[Given information]
'''

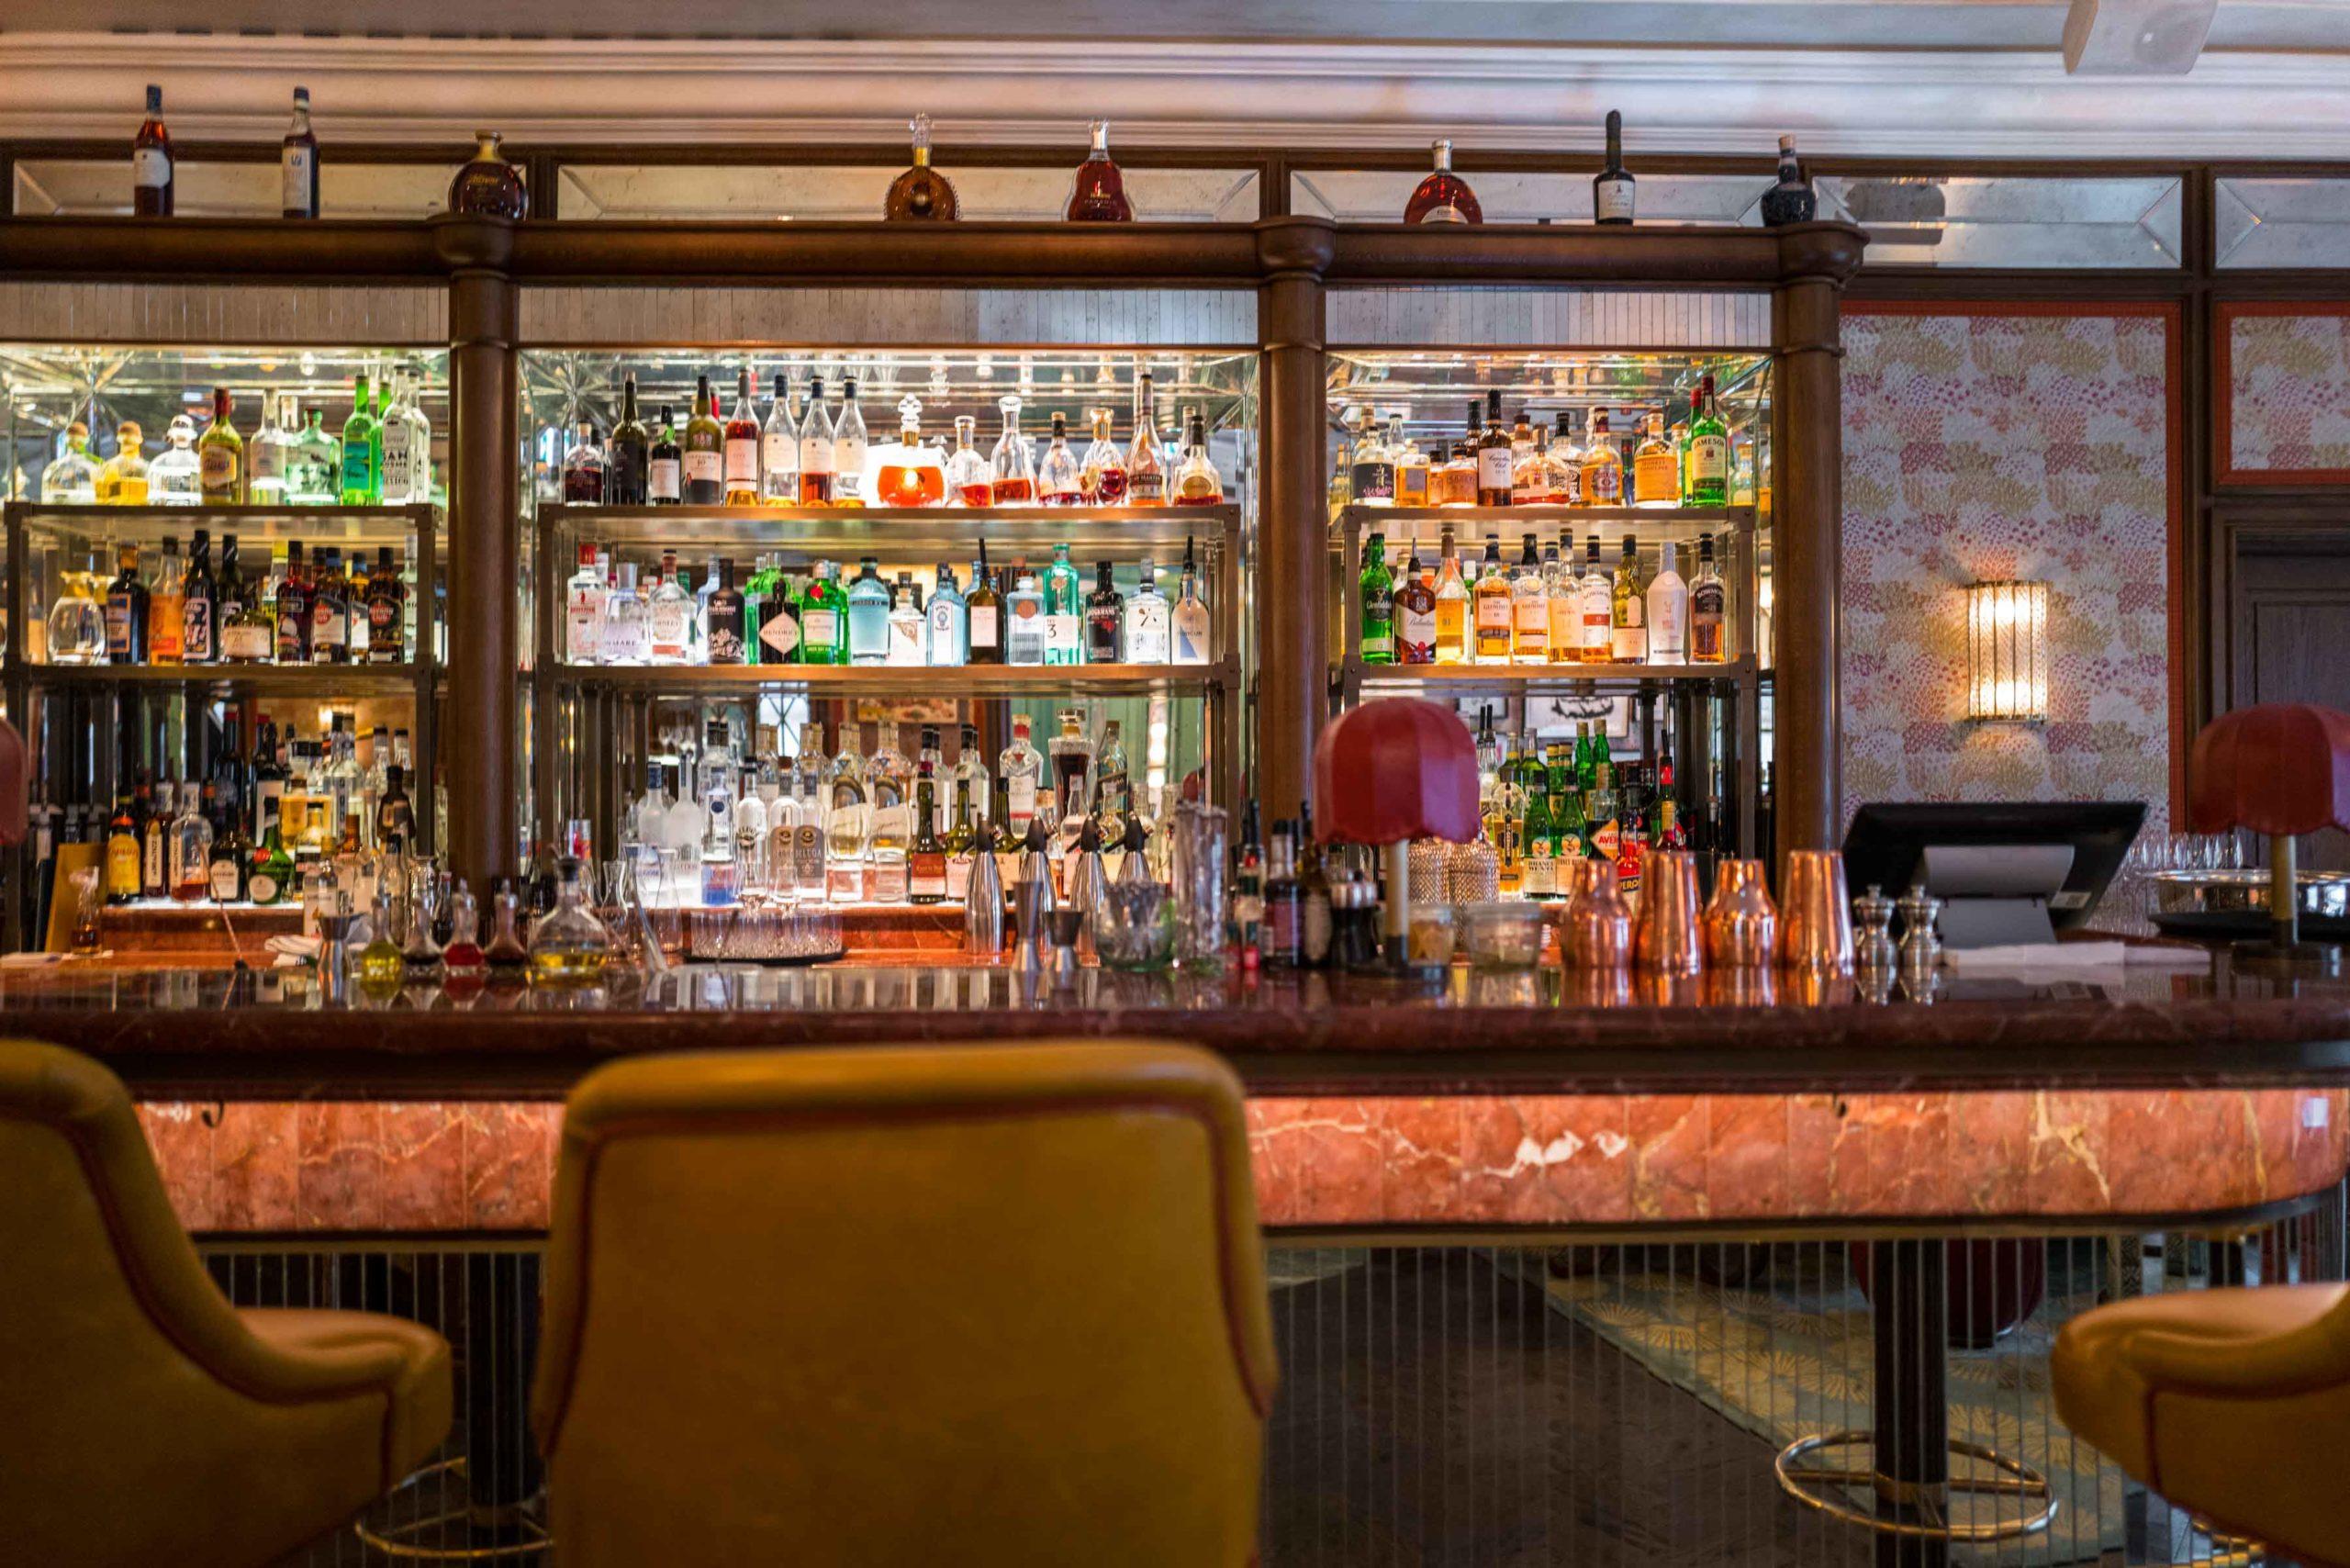 Baur's Bar and Restaurant at Baur au Lac Luxury Zurich Hotel #switzerland #hotel #bar
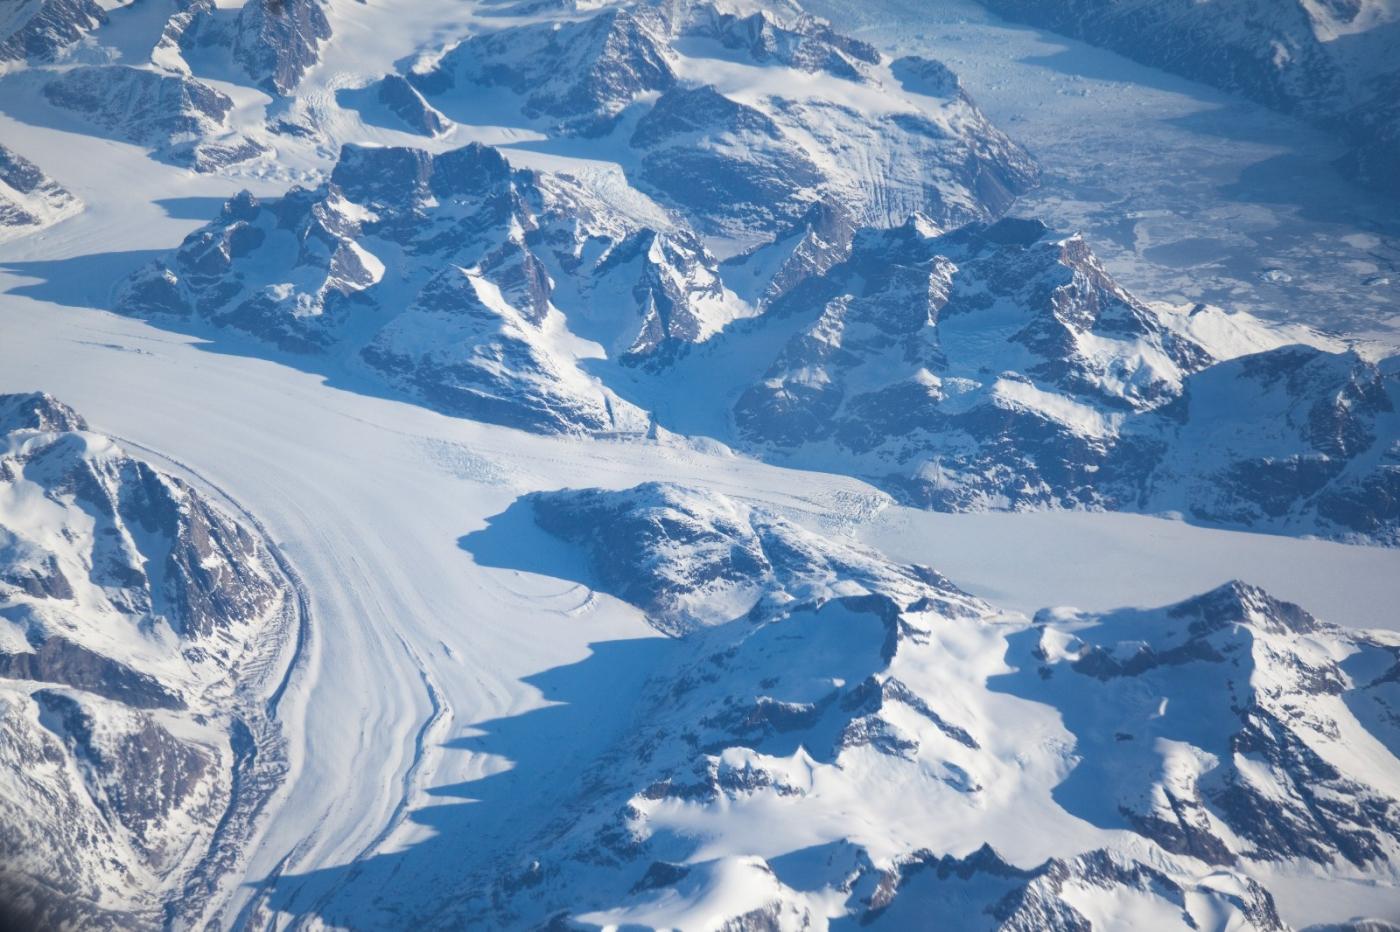 从纽约乘wow班机赴冰岛旅游,从班机的窗口看到:白云翻滚,赏心悦目,堪比黄山之云海 ..._图1-5
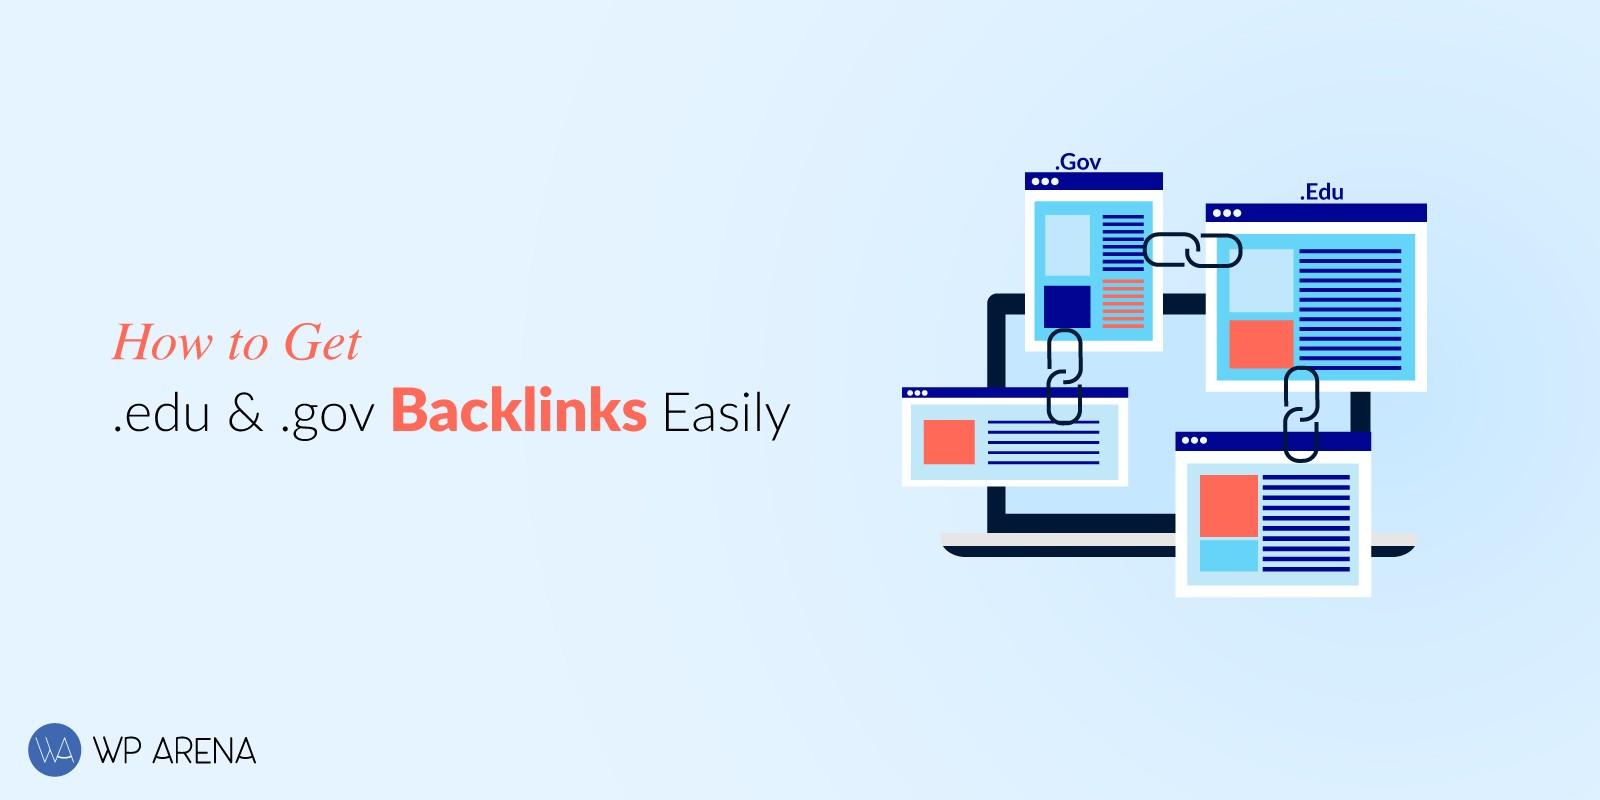 How to get Edu and Gov backlinks
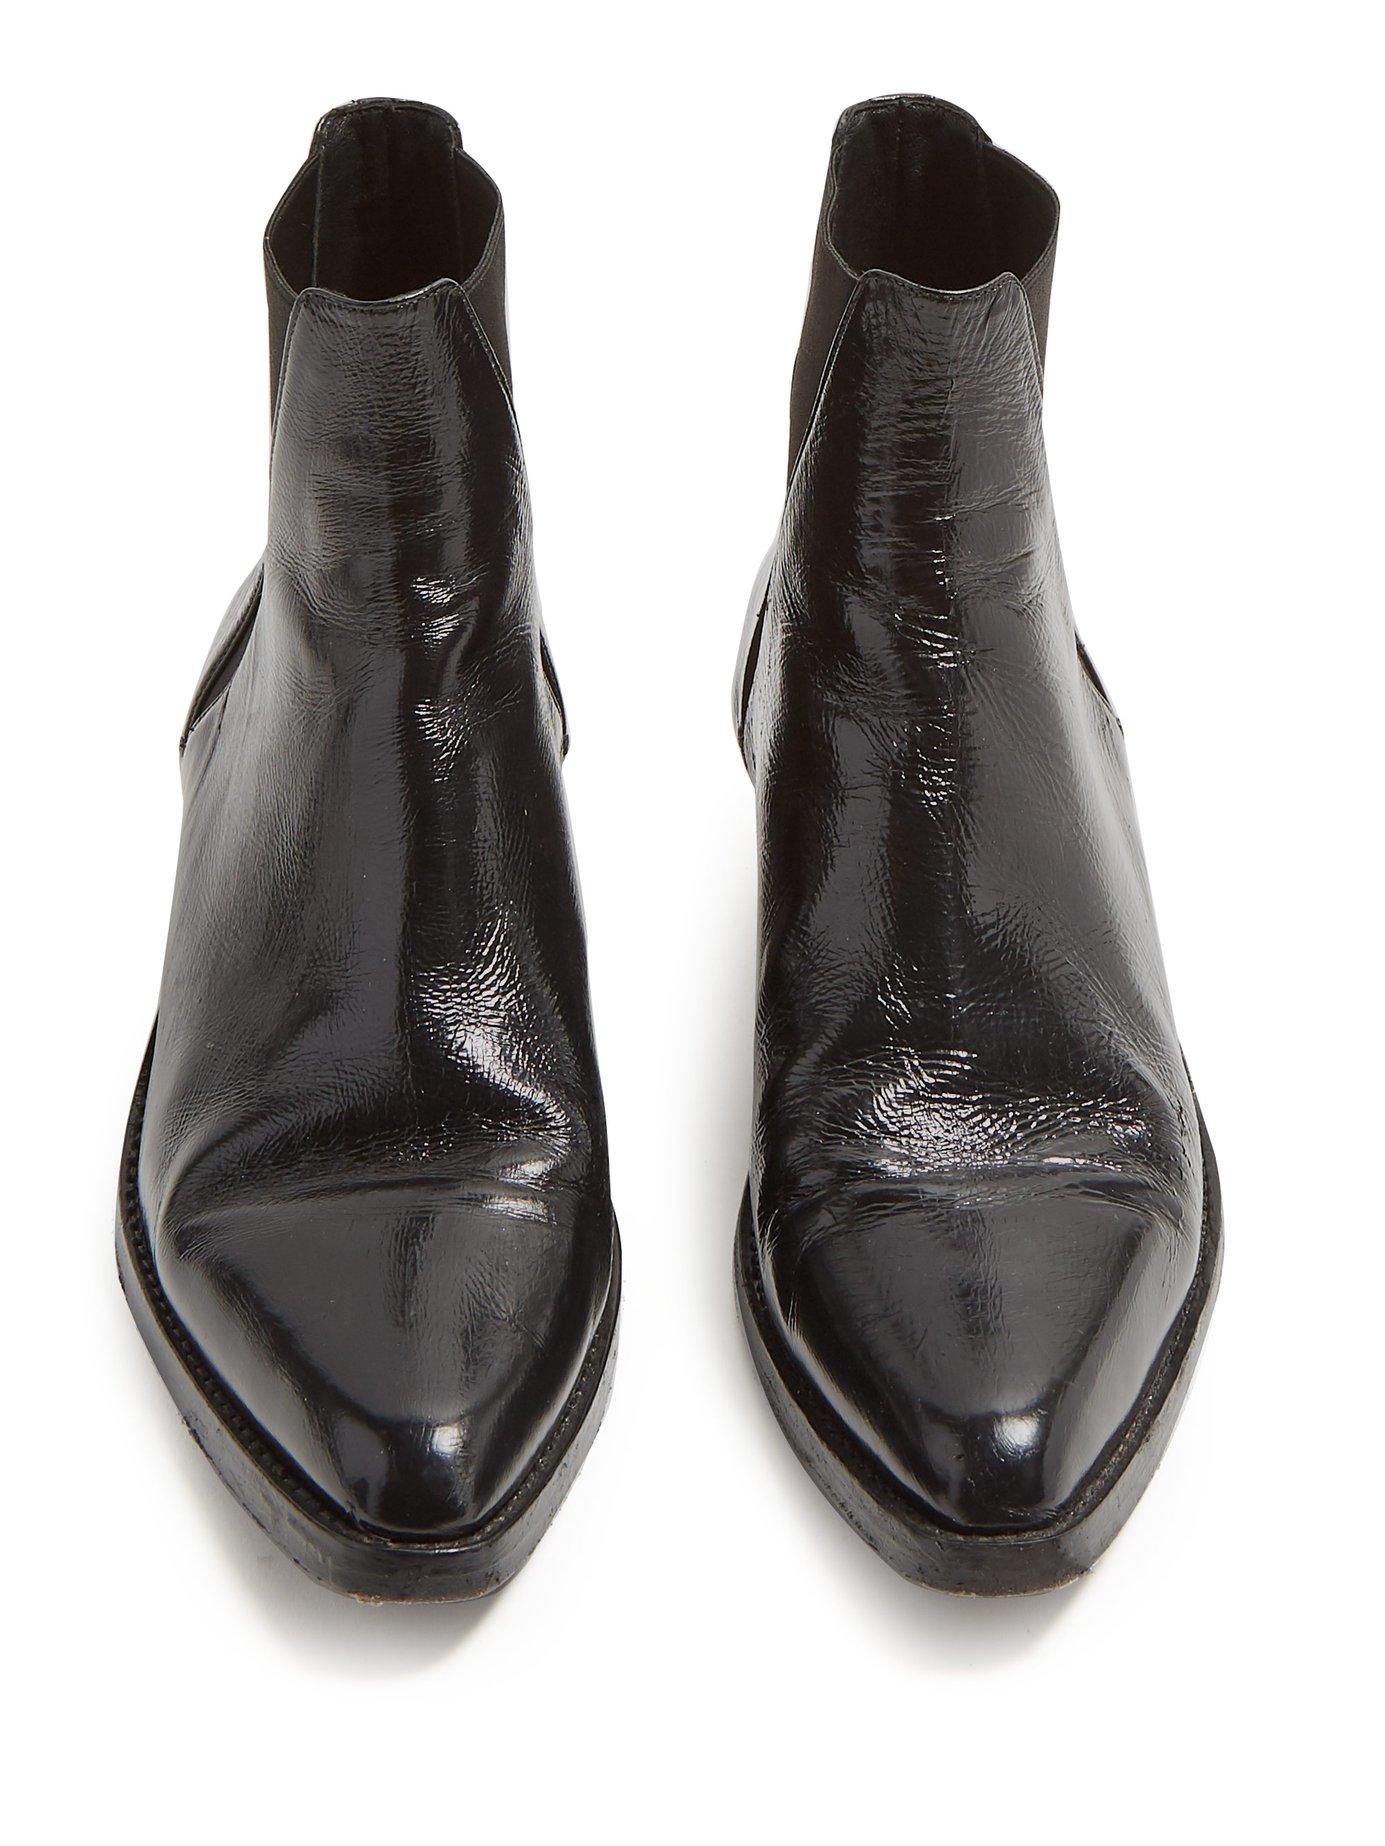 4d86a8f7a00 Saint Laurent Black Dakota Leather Chelsea Boots for men

'''

[What to work on]
The reply should contain all of the data above, word for word, with no pictures.

[Exercise solution]
 Baur's Bar and Restaurant at Baur au Lac Luxury Zurich Hotel #switzerland #hotel #bar
 从纽约乘wow班机赴冰岛旅游,从班机的窗口看到:白云翻滚,赏心悦目,堪比黄山之云海 ..._图1-5
 How to get Edu and Gov backlinks
 4d86a8f7a00 Saint Laurent Black Dakota Leather Chelsea Boots for men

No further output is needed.